Their string of No 1s are more ubiquitous, but Gudbuy T’Jane may be Slade’s greatest single, the perfect expression of their ruthlessly fat-free approach to songwriting: every second of it is occupied by a hook. Its lyric, meanwhile, delivers Slade’s solitary flirtation with glam’s gender confusion: is its heroine a masculine woman or a “queen”?

47. Petula Clark – Downtown (1964)

A star since the second world war, Petula Clark should have been on the wrong side of the divide in the 60s charts caused by pop’s lightning-speed progress. But if Downtown is middle of the road, then it’s MOR of the most undeniable kind, an explosion of beautifully orchestrated joy that punches through the boundaries between adult easy listening and younger thrills.

46. Squeeze – Up the Junction (1979)

A kitchen sink drama – youthful romance and parenthood slowly undermined by penury and alcoholism – brilliantly compressed into three chorus-free minutes.

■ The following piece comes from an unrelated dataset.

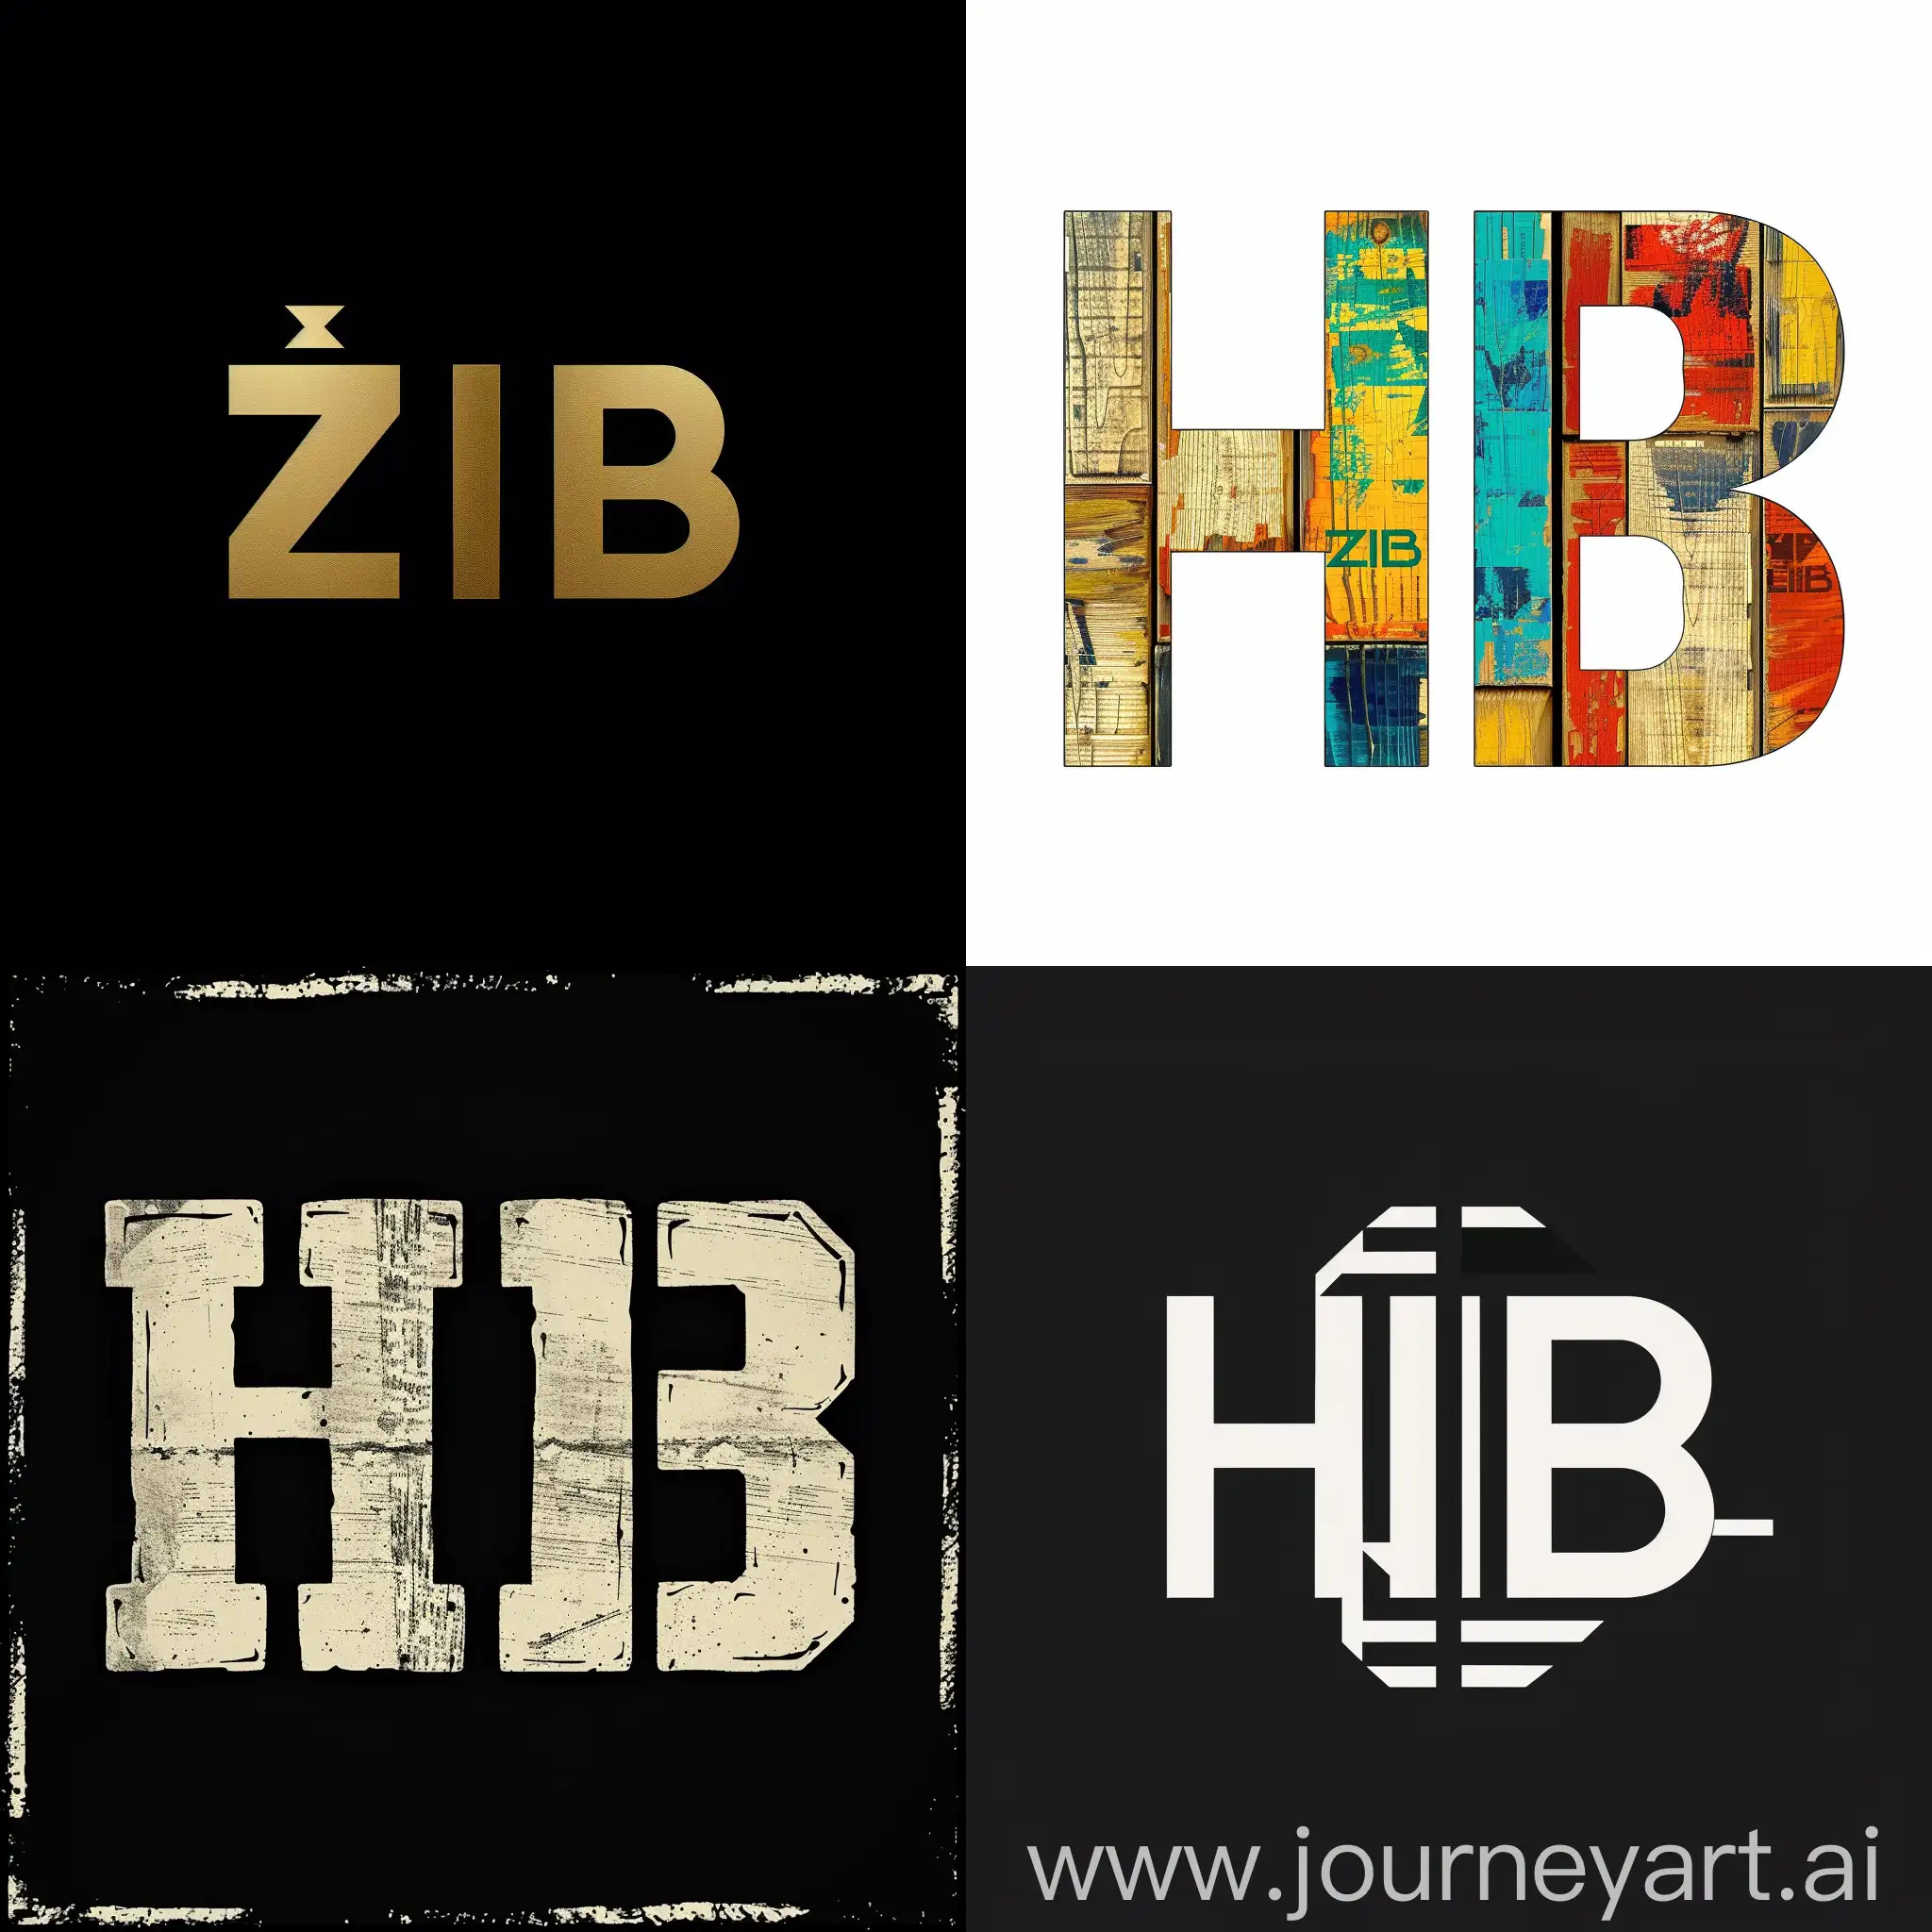 Erstelle mir ein adaptiertes Zeit im Bild (ZIB) Logo mit den Buchstaben HIB
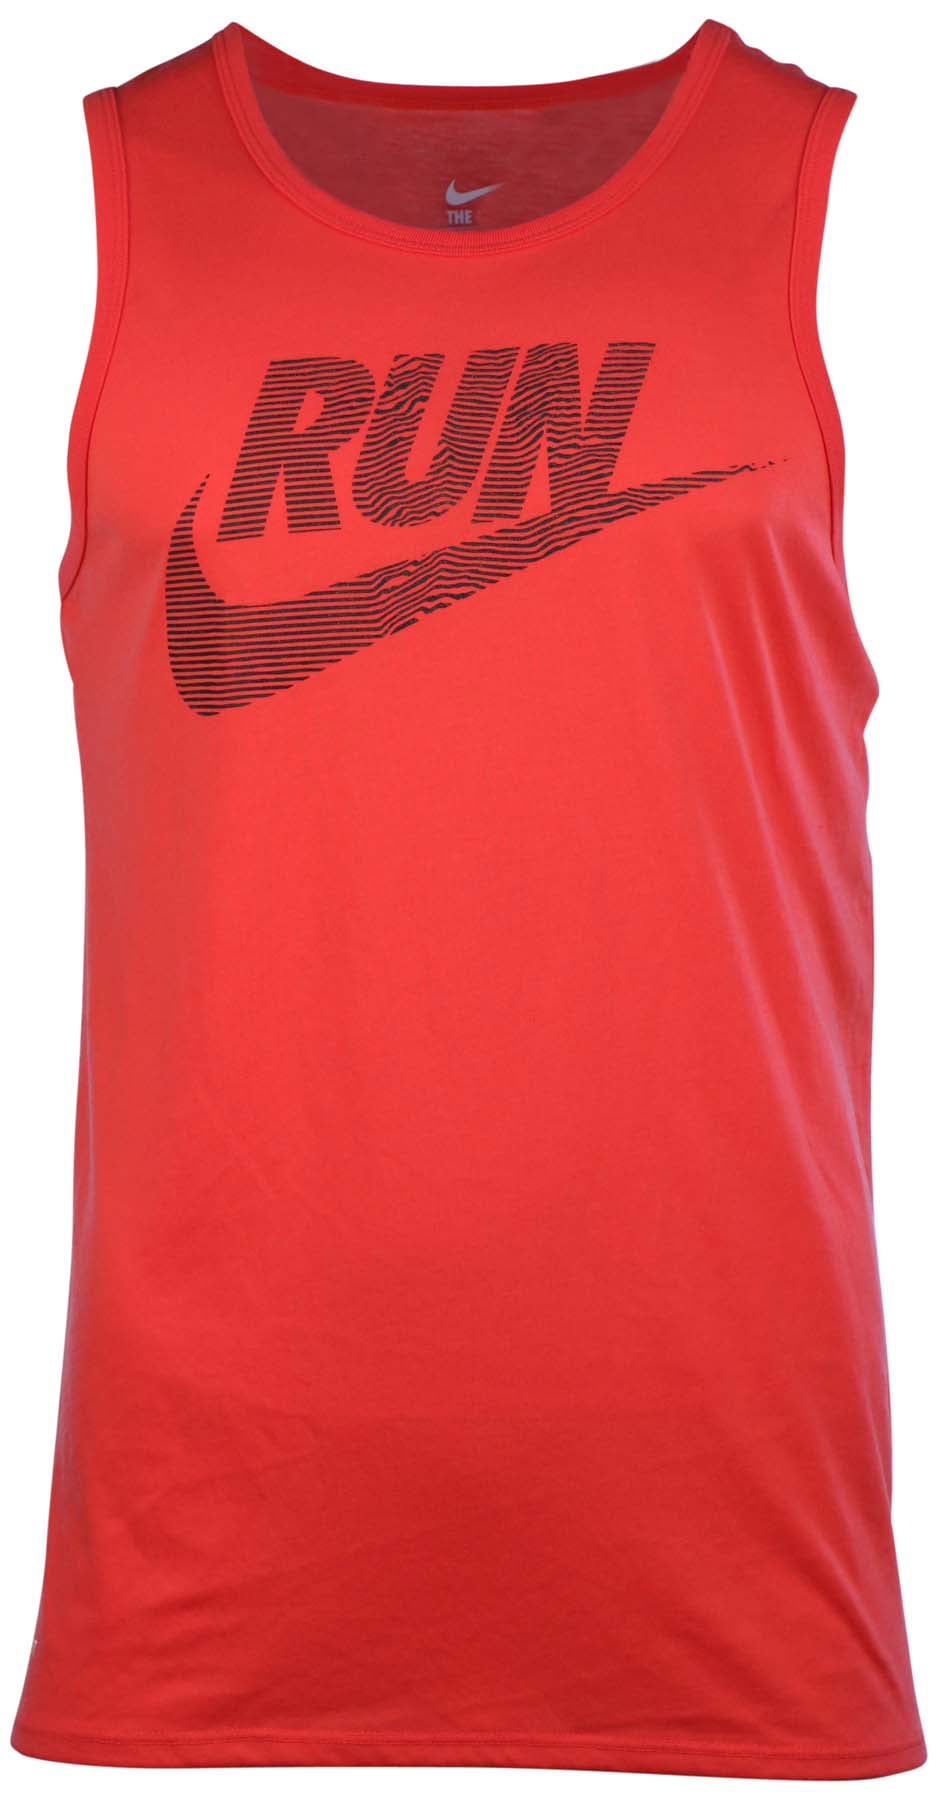 Nike Men's Dri-Fit Swoosh Running Tank Top-Daring Red - Walmart.com

You could suggest it’s an anomaly of the post-punk pop charts that something so bleak was such a big hit, but Up the Junction is compelling and its descending melody is yearningly gorgeous.

45. Dave ft Stormzy – Clash (2021)

Prior to Clash’s release, Dave and Stormzy addressed the nation on ITV, before England’s Euros semi-final. If you wanted more proof of the central place UK rap has taken in British culture, consider how coolly understated the drill-infused single the pair then put out was: filled with sharp, smart lines, it became a huge hit.

44. Sweet Female Attitude – Flowers (2000)

Sweet Female Attitude never had another hit, but sometimes one hit is all you need, at least if it’s as charming as the summer’s day soundtrack of Flowers. Recently, its toothsome pop-soul approach to UK garage has proved hugely influential: you can hear its strains everywhere from PinkPantheress to ArrDee.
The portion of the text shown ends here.